WHAT TO WORK ON =
In your copy, include every record exactly and no pictures.

________________________

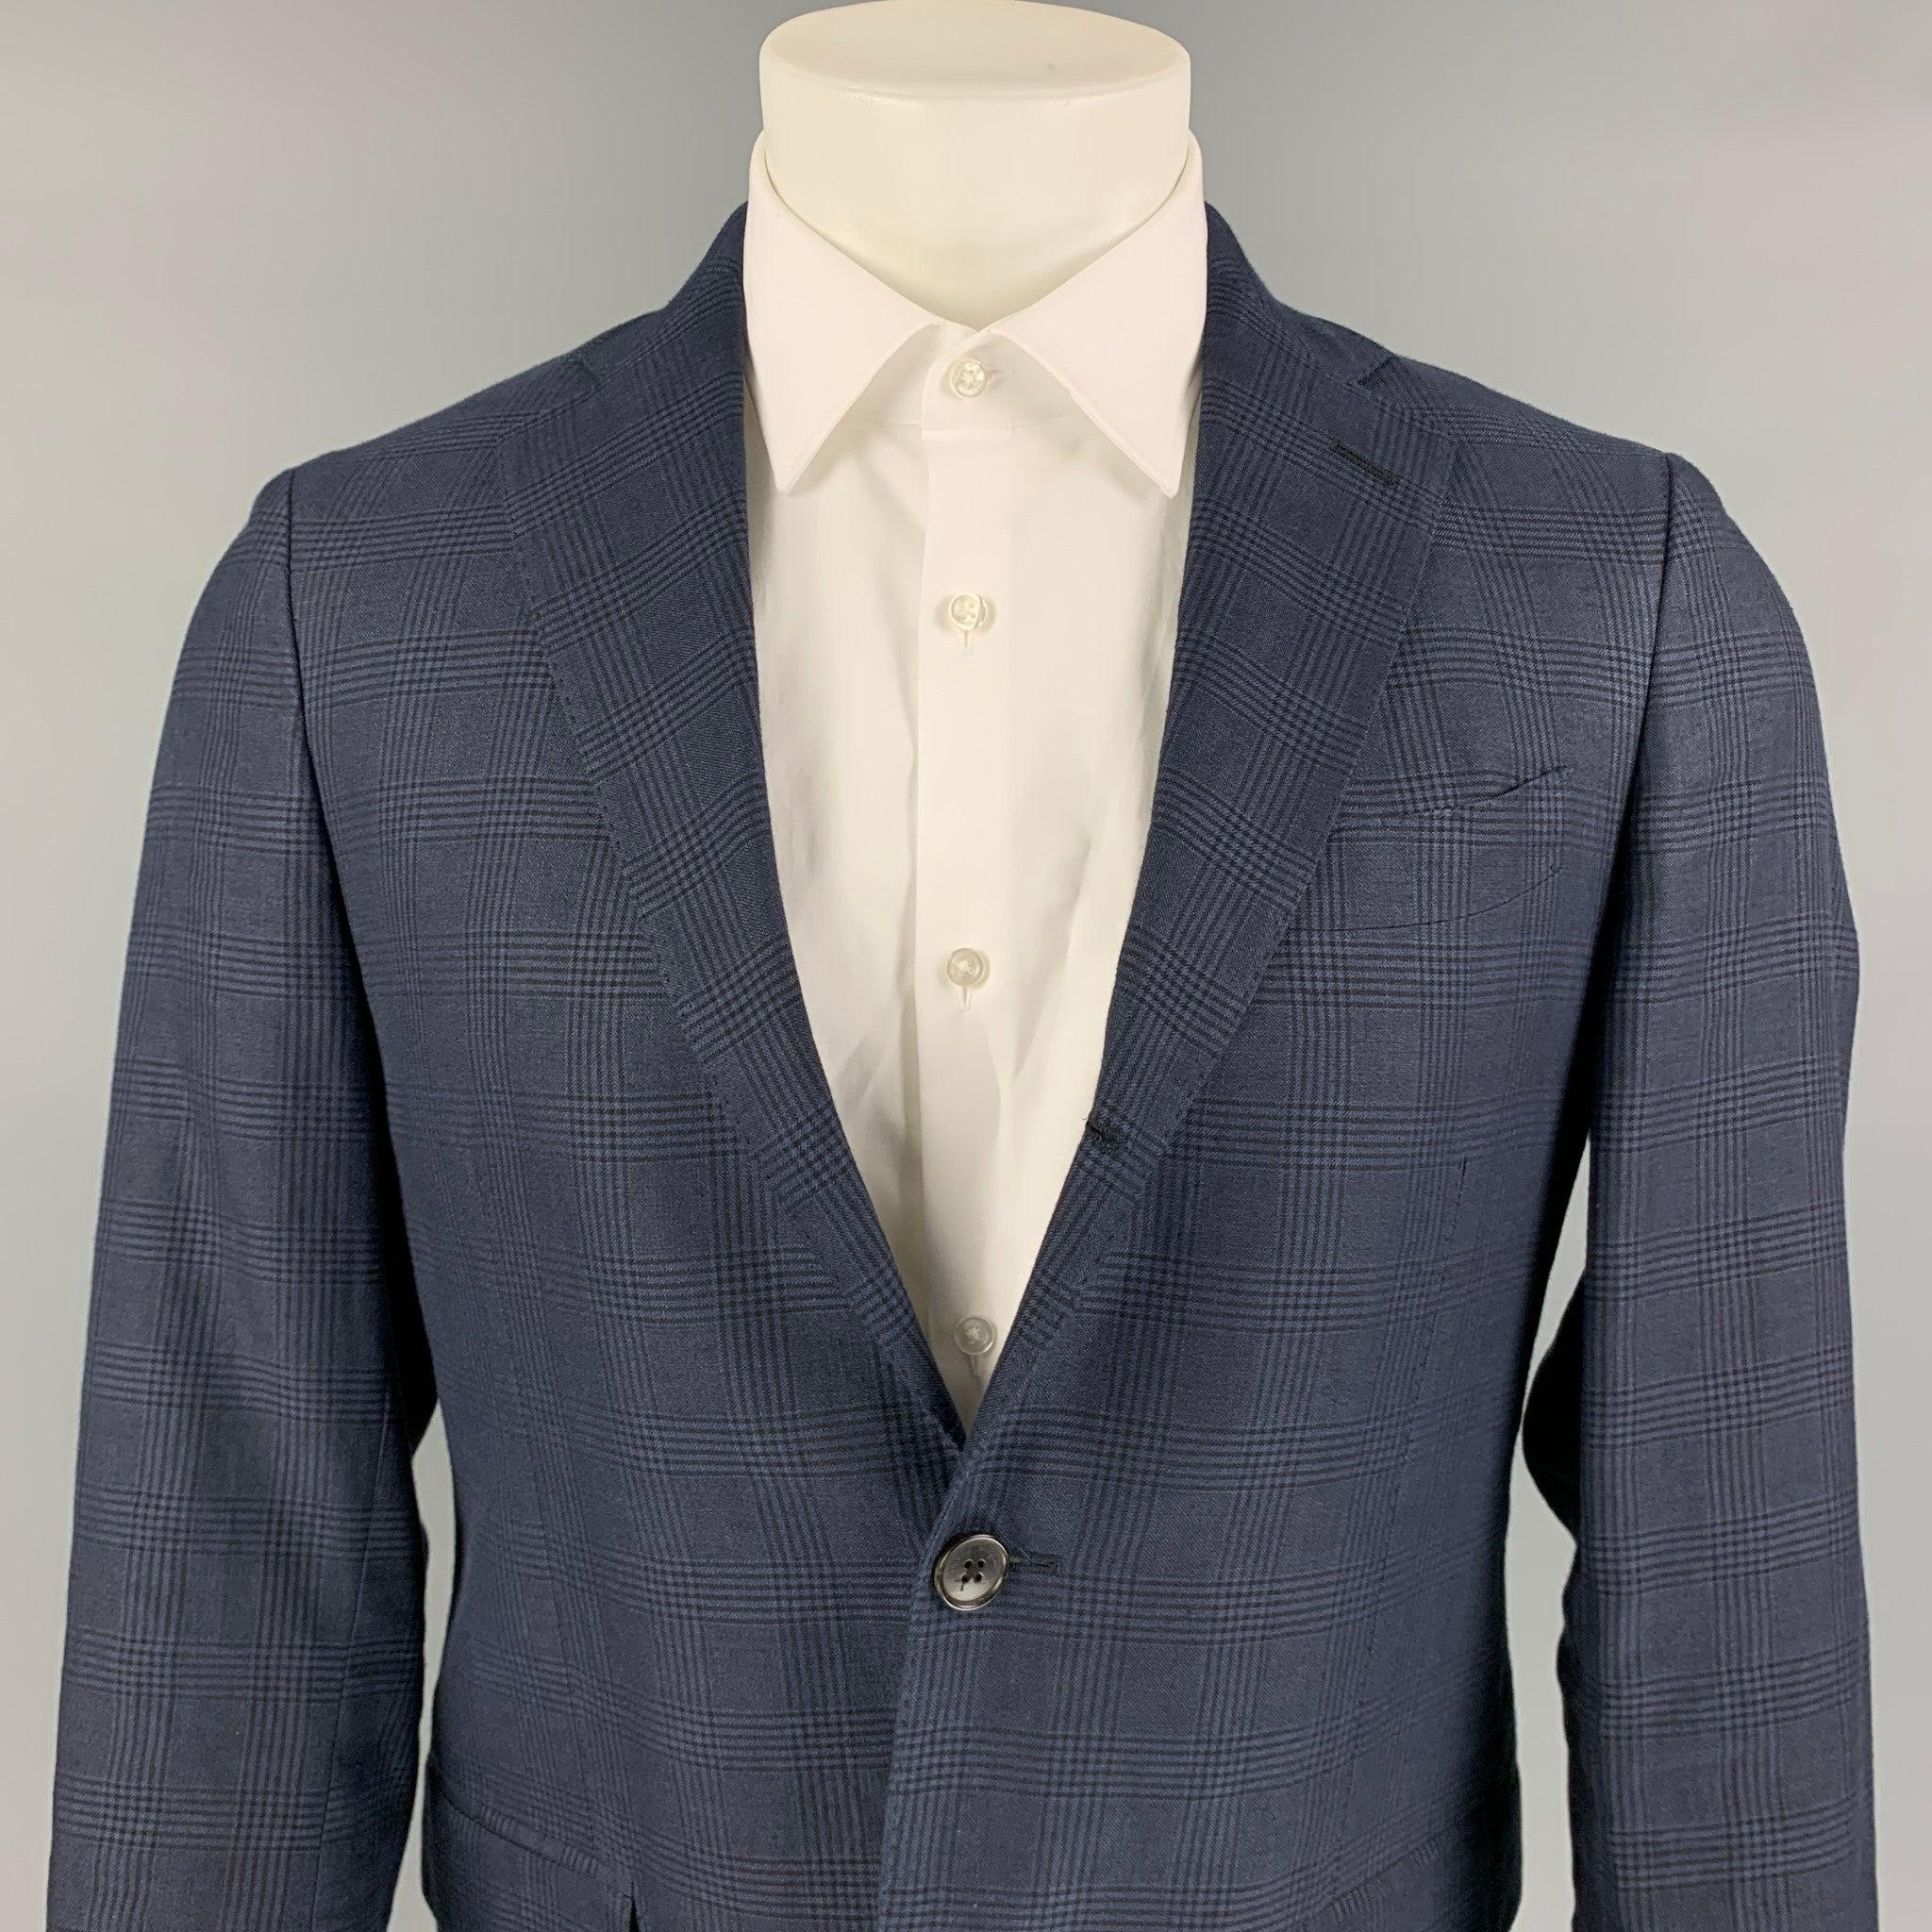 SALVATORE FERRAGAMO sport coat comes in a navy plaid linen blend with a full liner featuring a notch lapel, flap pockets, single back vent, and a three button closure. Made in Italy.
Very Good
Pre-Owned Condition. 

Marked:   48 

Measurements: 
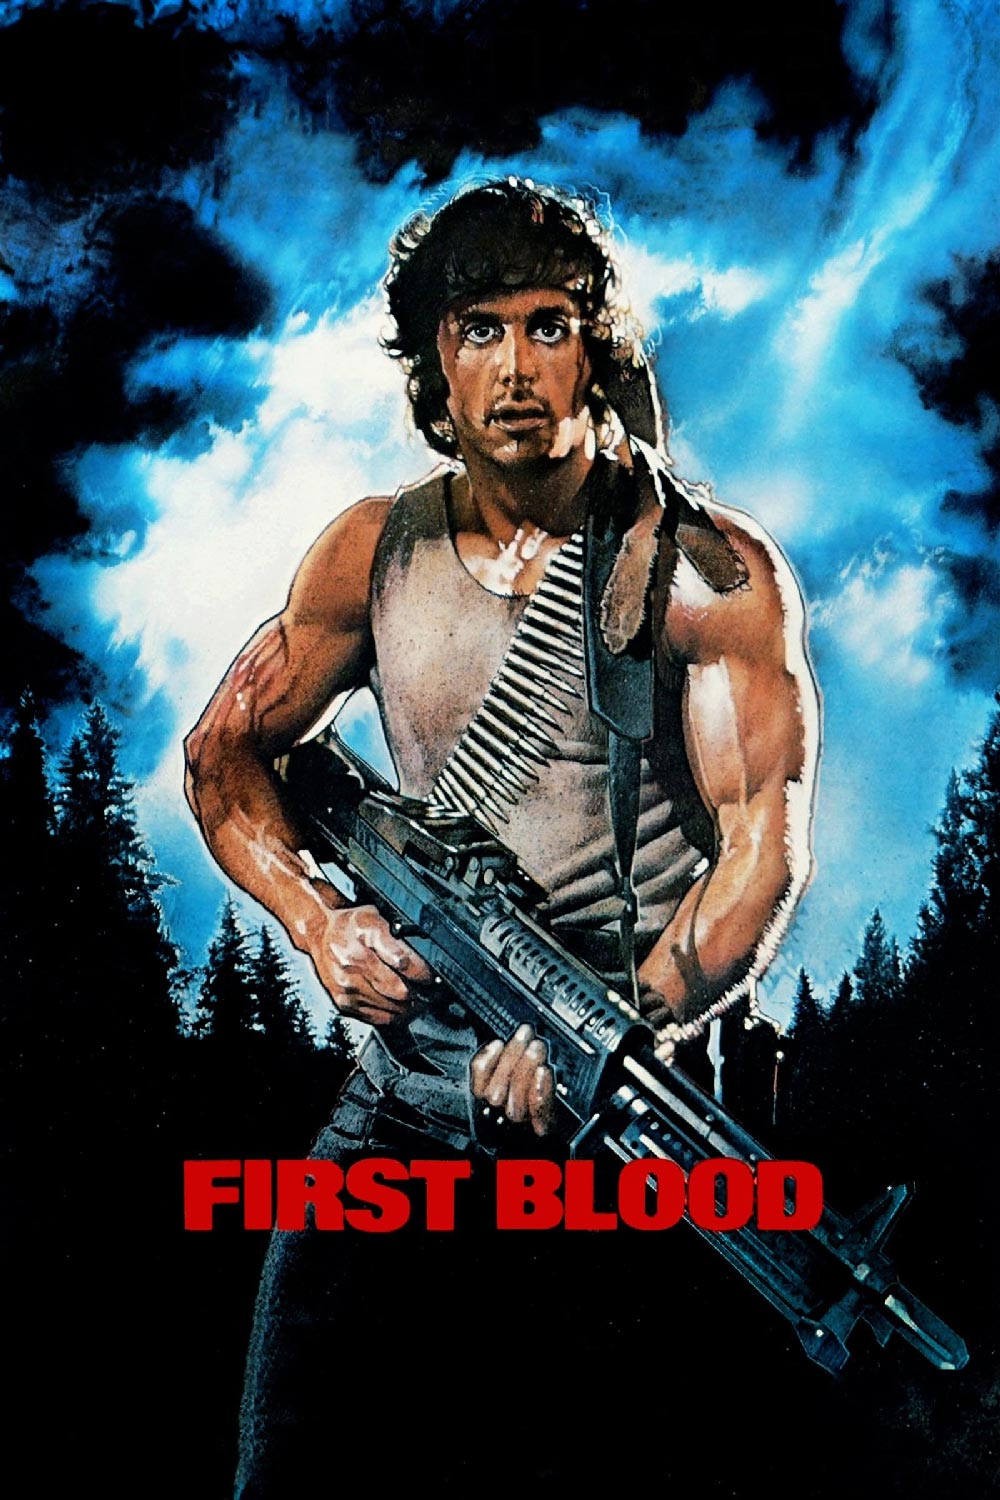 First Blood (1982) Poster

________________________

RESPONSE BELOW =
 SALVATORE FERRAGAMO sport coat comes in a navy plaid linen blend with a full liner featuring a notch lapel, flap pockets, single back vent, and a three button closure. Made in Italy.
Very Good
Pre-Owned Condition. 

Marked:   48 

Measurements: 
 First Blood (1982) Poster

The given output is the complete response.